Blog of Andrés Aravena
CMB2:

Homework 5

11 March 2020. Deadline: Thursday, 19 March, 12:30.

We need to do a lot of exercises to be ready for the midterm. Here you have several exercises. Some of them can be answered in short time, others require more thinking. Start thinking all of them. The deadline is valid only for the short term questions. Long term questions should be answered before the midterm exam.

Please use the official template for answers.

Short term questions

Calculate the GC content for only part of the genome

Instead of all the genome, we only look through a window. That is, we look only a region of the genome, with a fixed size, and starting in a given position. For example, we examine only the genome region starting at position 250000 and we look only for 100 letters. That is, only letters in the positions in seq(from=250000, length=1000).

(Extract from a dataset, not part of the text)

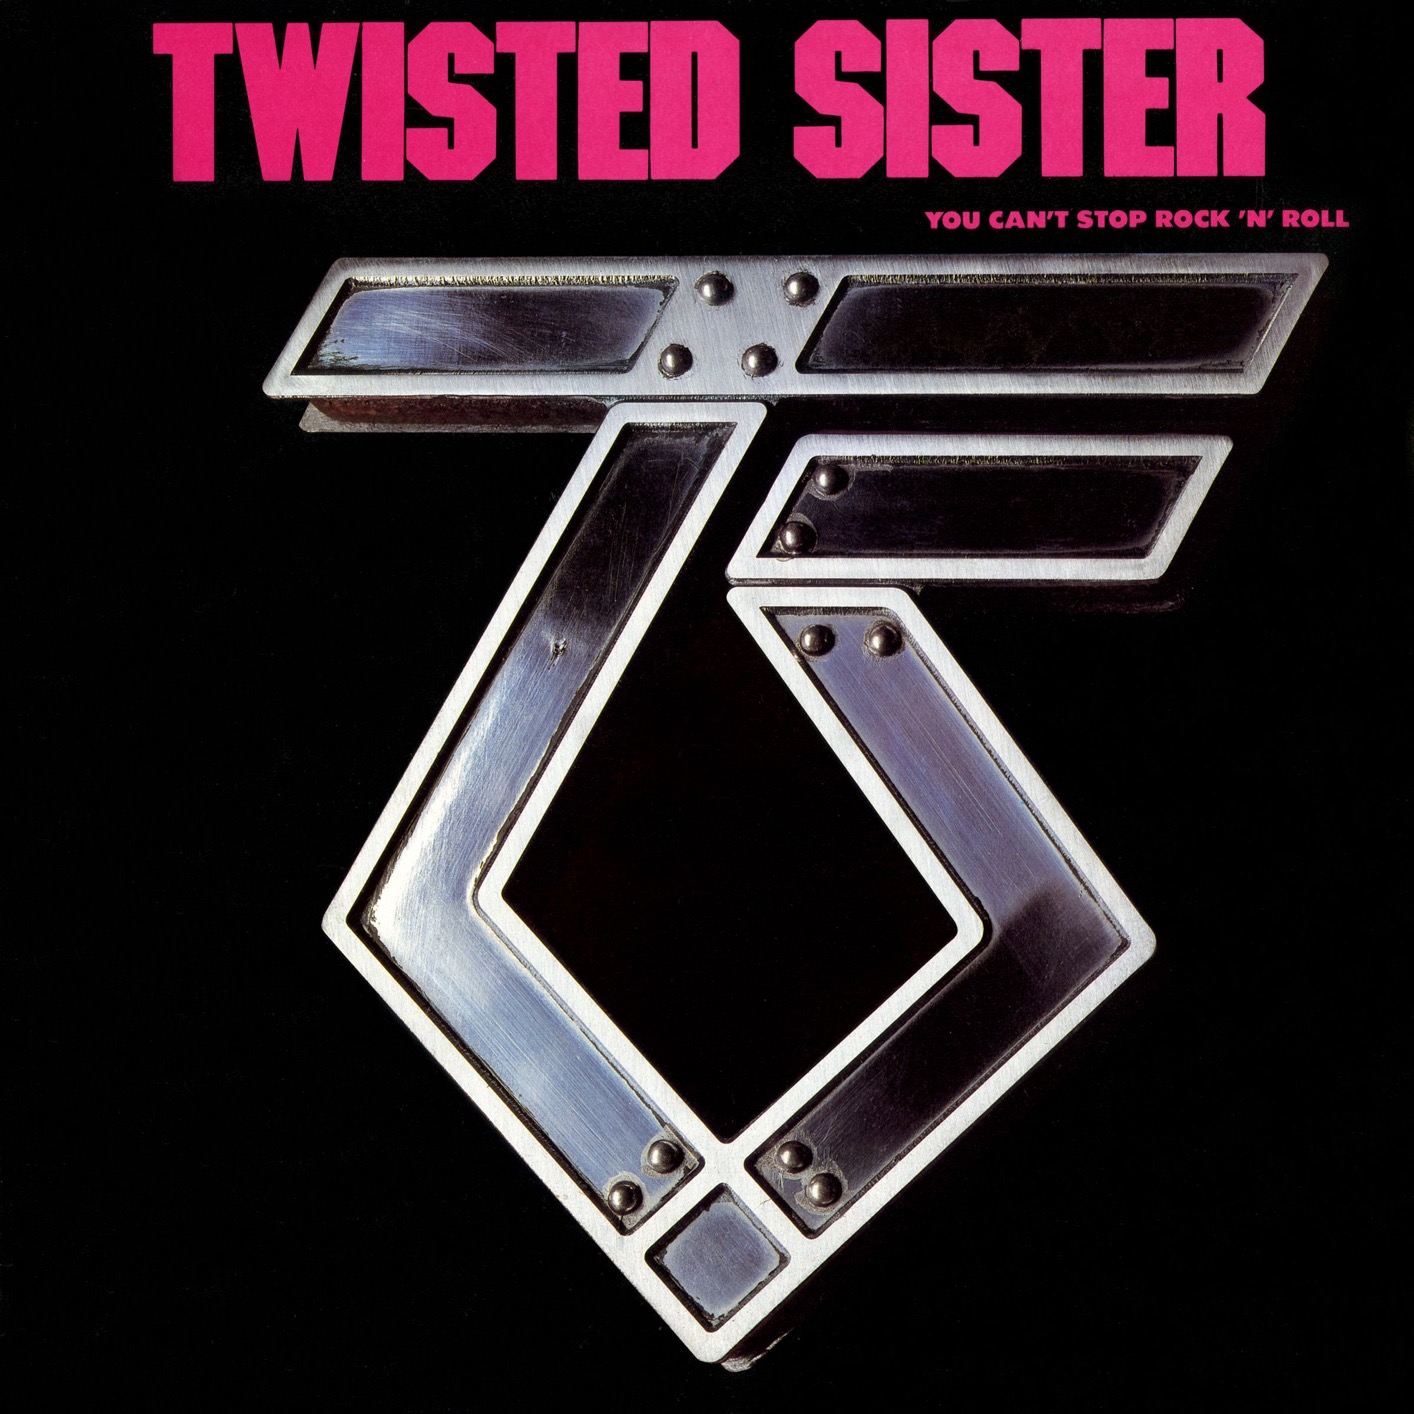 Twisted Sister - You Can’t Stop Rock ‘N’ Roll (1983/2017) [AcousticSounds FLAC 24bit/192kHz]
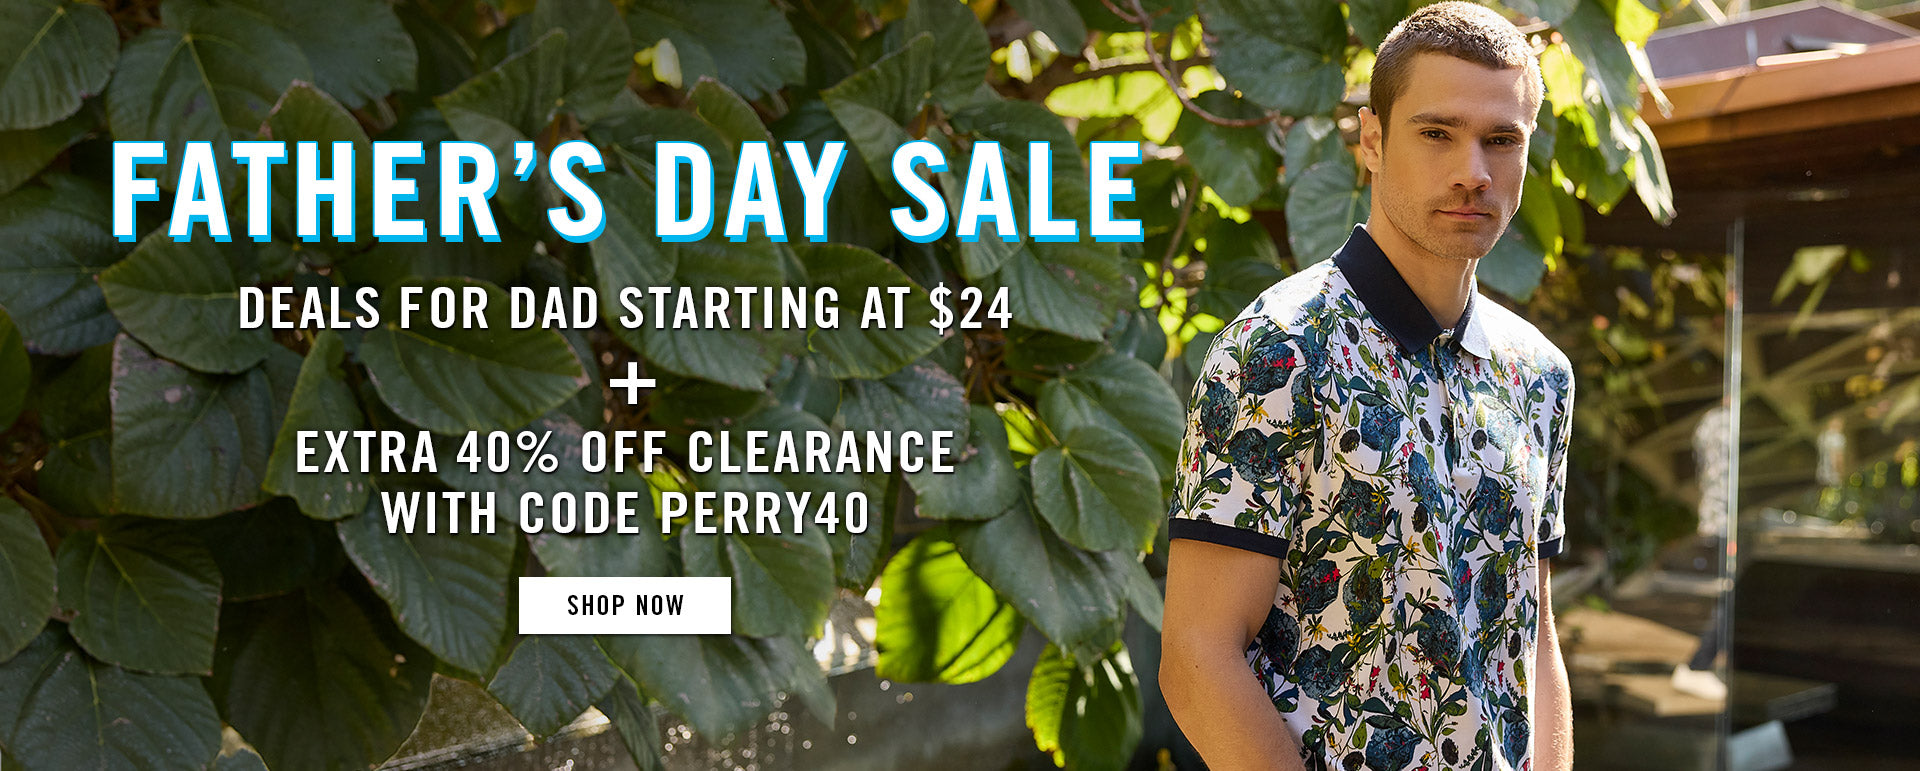 fathers day sale - DEALS FOR DAD STARTING AT $24| extra 40% off clearance with code PERRY40 | SHOP NOW

The result should depend on:

  • the genomic sequence
  • the position of the window
  • the size of the window

Write a function called window_gc_content(), that takes sequence, position, and size as input, and returns a single value with the window GC content. You can test this function with the genome of E.coli follwing these steps

  • Download the genome of E.coli from NCBI or from the blog. Take note of the folder where the file is downloaded. Different web browsers may use different folders.

  • Load library(seqinr). If you do not have it installed, pleas install it.

  • Set your working directory to the folder where the file was downloaded.

  • Read the sequences with the command sequences <- read.fasta("NC_000913.fna"). Be careful that the file may have a different name in your computer.

  • Then you can test using the command

    window_gc_content(sequences[[1]], 250000, 100)

Using window_gc_content() in many places

We want to evaluate window_gc_content on different positions of the genome. Specifically, we want to evaluate in these positions:

positions <- seq(from=1, to=length(genome)-window_size, by= window_size)

Obviously, the result depends on the genome and window_size. Please write a function that takes as inputs genome and window_size, and returns a vector with the GC content of each of the windows in each of the positions.

GC Skew

Write a function that takes a list of genes, and calculate the ratio (nG-nC)/(nG+nC) for each gene. The function should be called gene_gc_skew and takes only one input: a list called genes. What should be the output?

Long term questions

Algorithm design

In many important cases we have a vector x with growing values. That is, each value is bigger or equal to the previous one, so

x[i+1] >= x[i]

for all values of the index i. It is easy to see that the position of the minimum value has to be 1. We also know that the position of the maximum value is the last position. What about the position of the half value?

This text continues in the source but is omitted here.